Acute (1-week recall) Version: Keller et al. (1997) (varying etiologies) reported median inter-item correlations ranged from 0.43 (role-emotional) to 0.78 (bodily pain), and α ranged from 0.59 (role- emotional) to 0.89) (physical functioning). Vitality, role emotional and mental health α values fell below 0.80. Principal component analysis revealed the same 2 factor structure as the standard version. The acute version displayed significant ceiling effects (>20%) in 4 subscales (role-physical, bodily pain, social functioning and role-emotional). There were no reported floor effects. Change scores for the acute form (baseline to week 4) were more closely related to one-week change in disease severity than standard form scores. For acute change scores, 10/18 of such comparisons reached significance.

Proxy Assessment

Dorman et al. ((1998); stroke) reported test-retest reliability better when the patient completed the forms than when completed by proxy respondent. ICC’s ranged from 0.3 (mental health) to 0.81 (bodily pain/general health) when forms were patient-completed vs ICC of 0.24 (mental health) to 0.76 (social functioning) for proxy completion.
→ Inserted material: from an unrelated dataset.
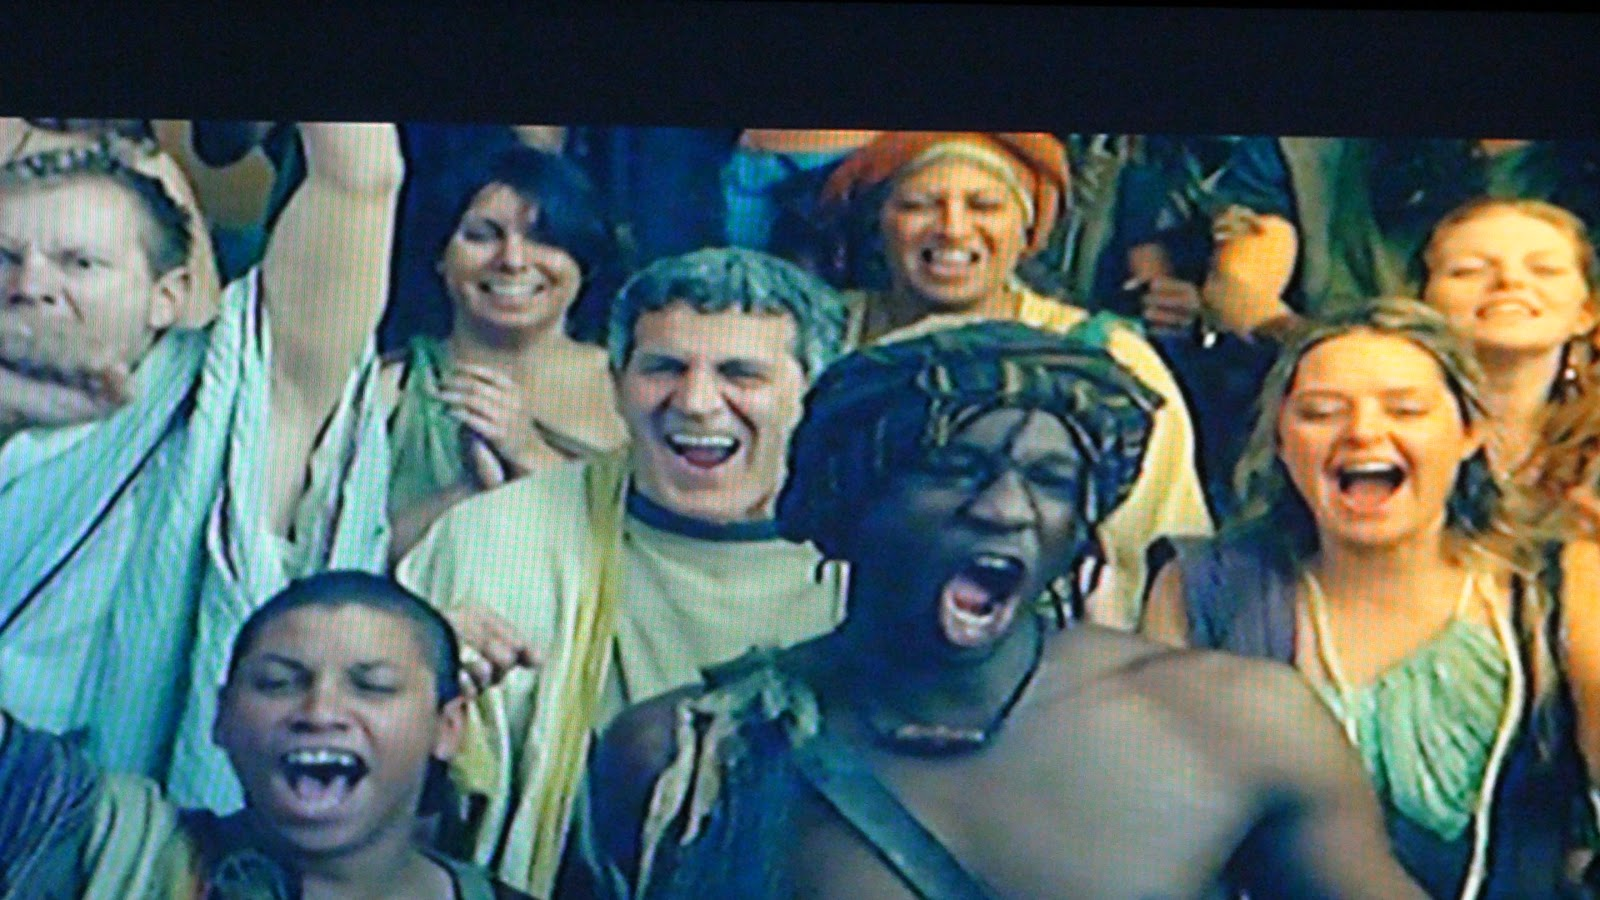 http://4.bp.blogspot.com/_ahWcGWlSZBM/TPMVM4gPVzI/AAAAAAAAA4Y/208wvyf9jl8/s1600/Spartacus+Blood+and+Sand+%2528Crowd+in+Ancient+Rome%2529.JPG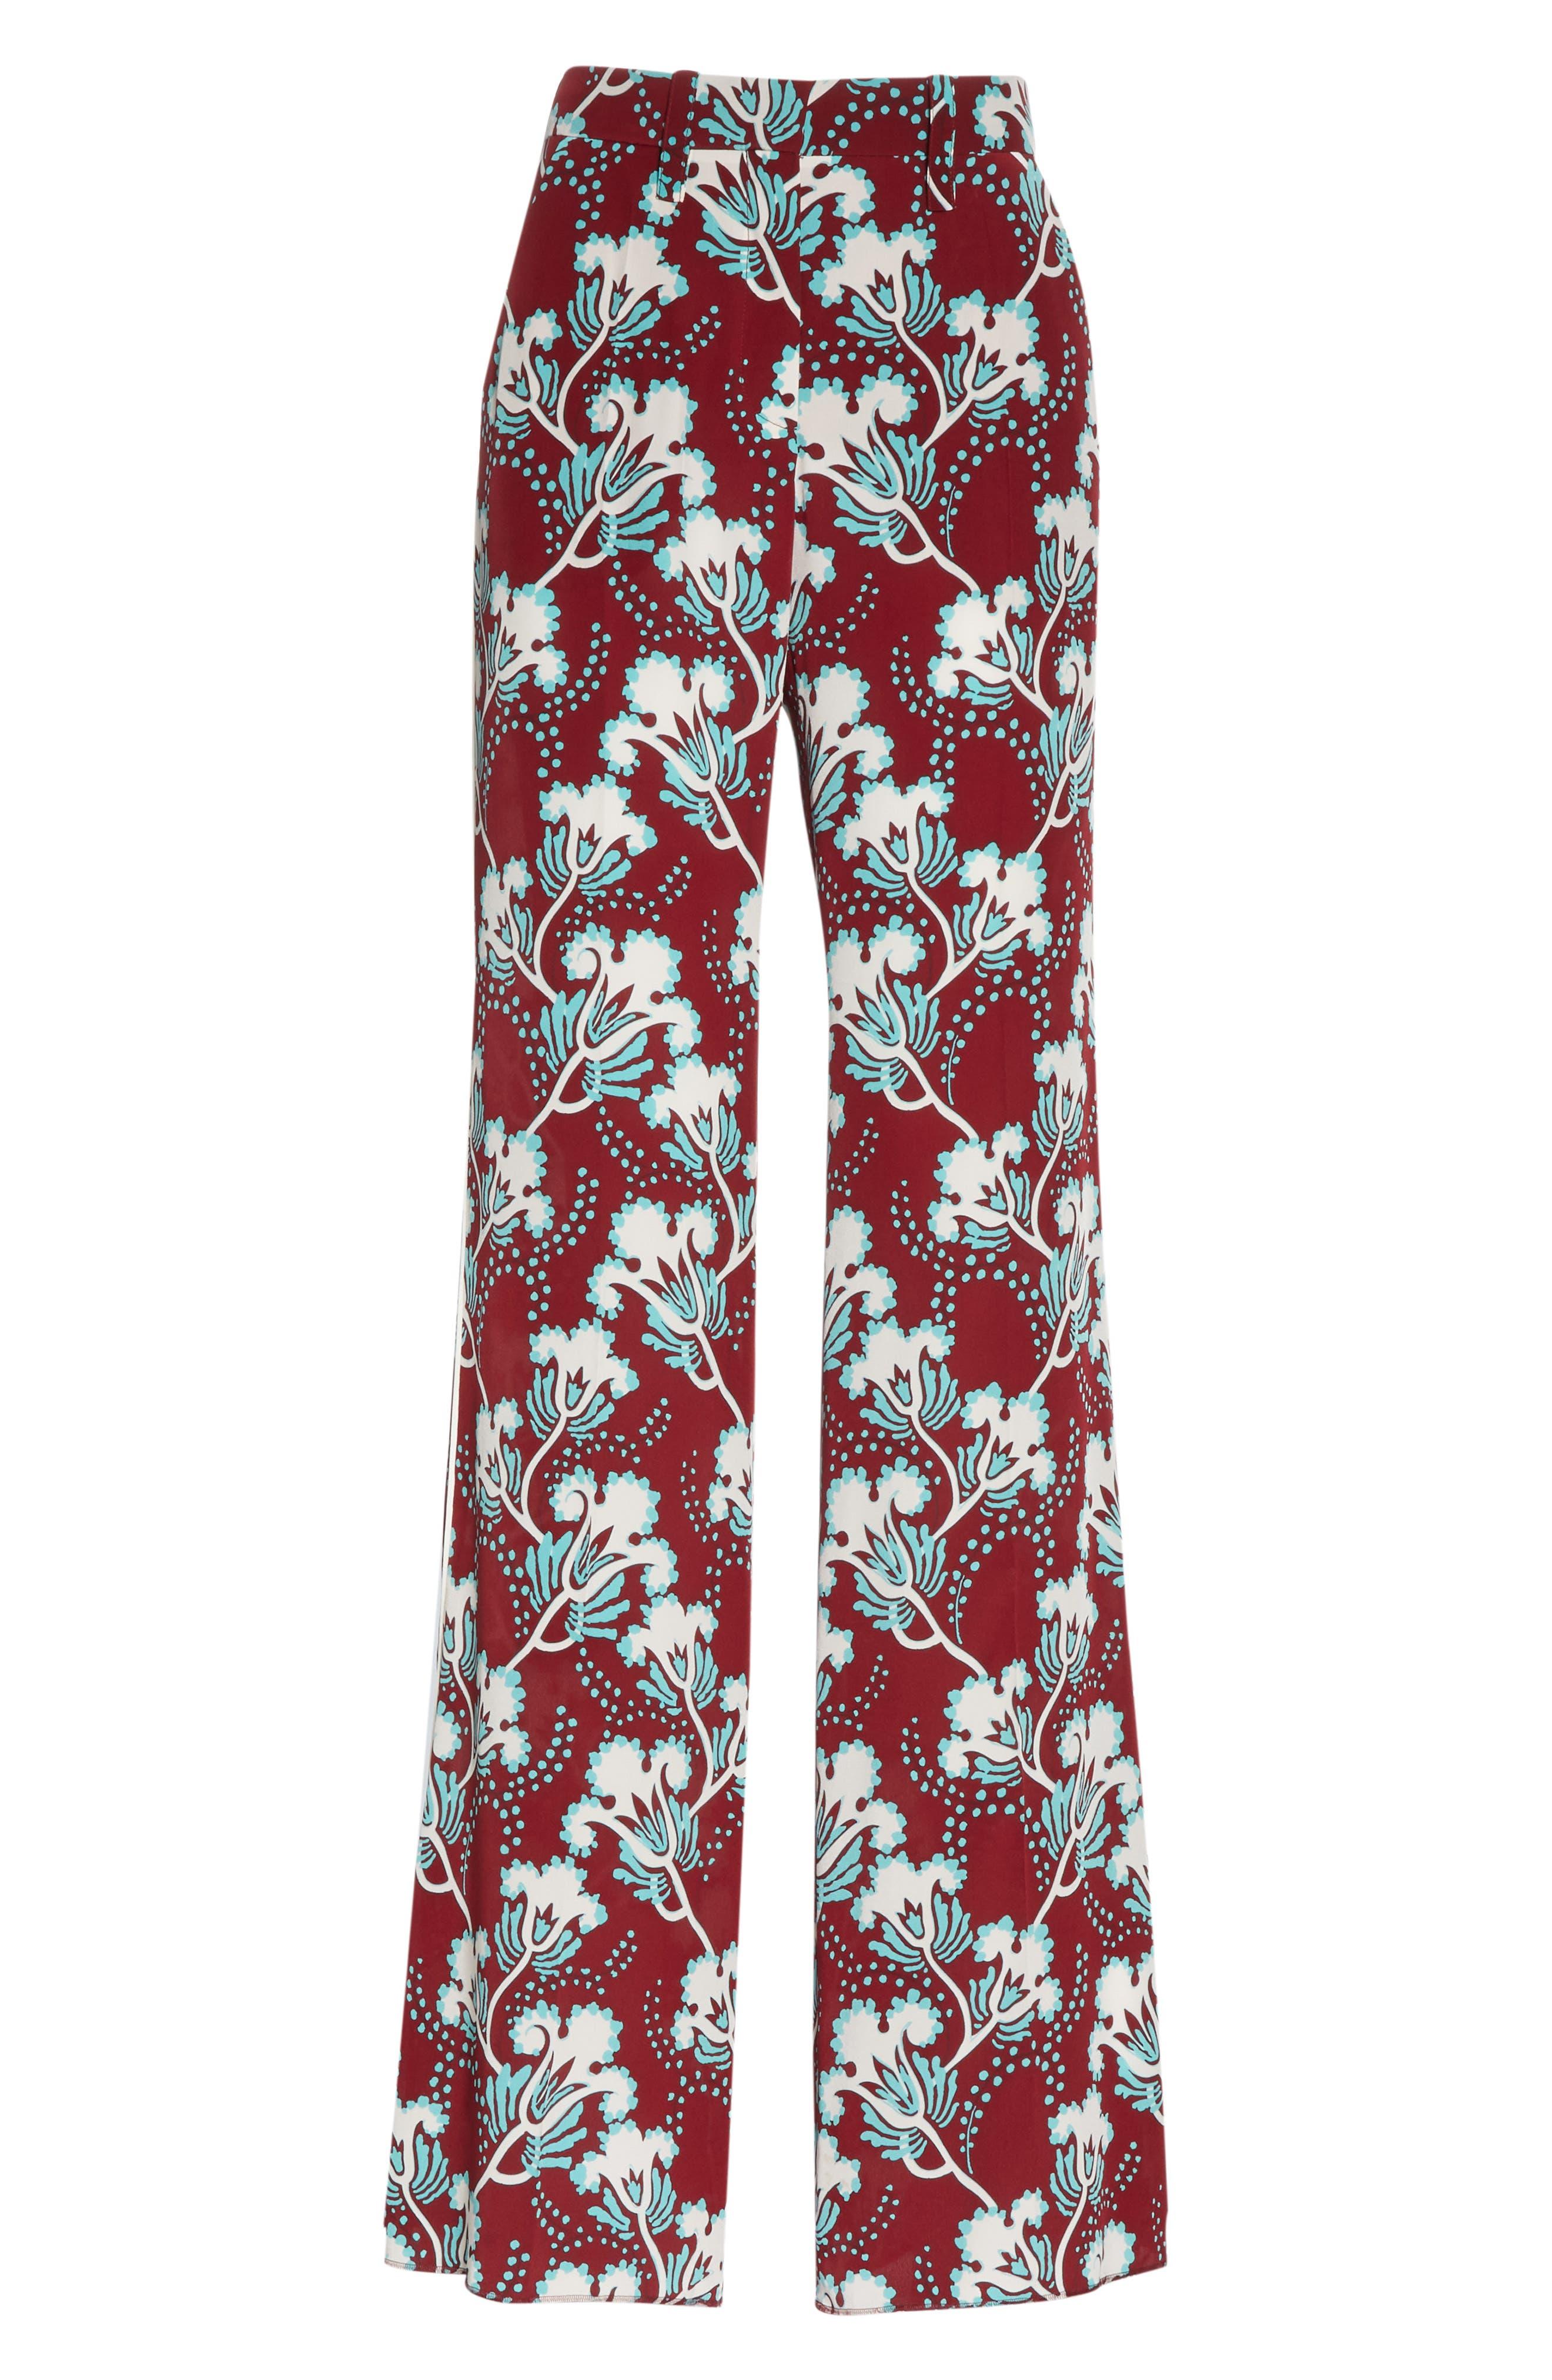 VALENTINO, Elderflower Print Wide Leg Silk Pants, Alternate thumbnail 6, color, GTB-GARNET/TURCHESE/BIANCO

Pierre et al. (1998) (elderly) demonstrated poor to moderate agreement between proxy and patient ratings. In a rehabilitation setting, ICC’s=0.01 (social functioning) to 0.60 (vitality) for patient/health professional proxy pairings. For significant others proxies/patients, ICC’s=-0.11(mental health)-0.58 (general health). In a day hospital setting and professionals as proxies, ICC’s=0.09 (role physical)-0.45 (physical functioning). With significant others, ICC’s=0.01 (social functioning) to 0.71 (physical functioning). α= 0.64-0.86 for the patient data, 0.76-0.90 for the health professional data, and 0.69-0.84 for the significant other data.

Segal & Schall ((1994); stroke) reported ICC of 0.15 (role limitations-emotional) to 0.67 (physical functioning) for patient ratings versus proxy ratings.

Ocampo and Dawson (1997) (TBI) found that the highest level of agreement between TBI patients and their informants was for physical functioning (ICC=0.58) and general health (ICC=0.51). Agreement for role-physical and role-emotional were high for the moderate and severe groups, whereas agreement was generally poor on the other subscales.

Dikmen et al. (2001) reported a correlation of 0.53 (p<0.001) between the assessments of patients and their significant other on the PCS, but this correlation on the MCS was weak and non-significant.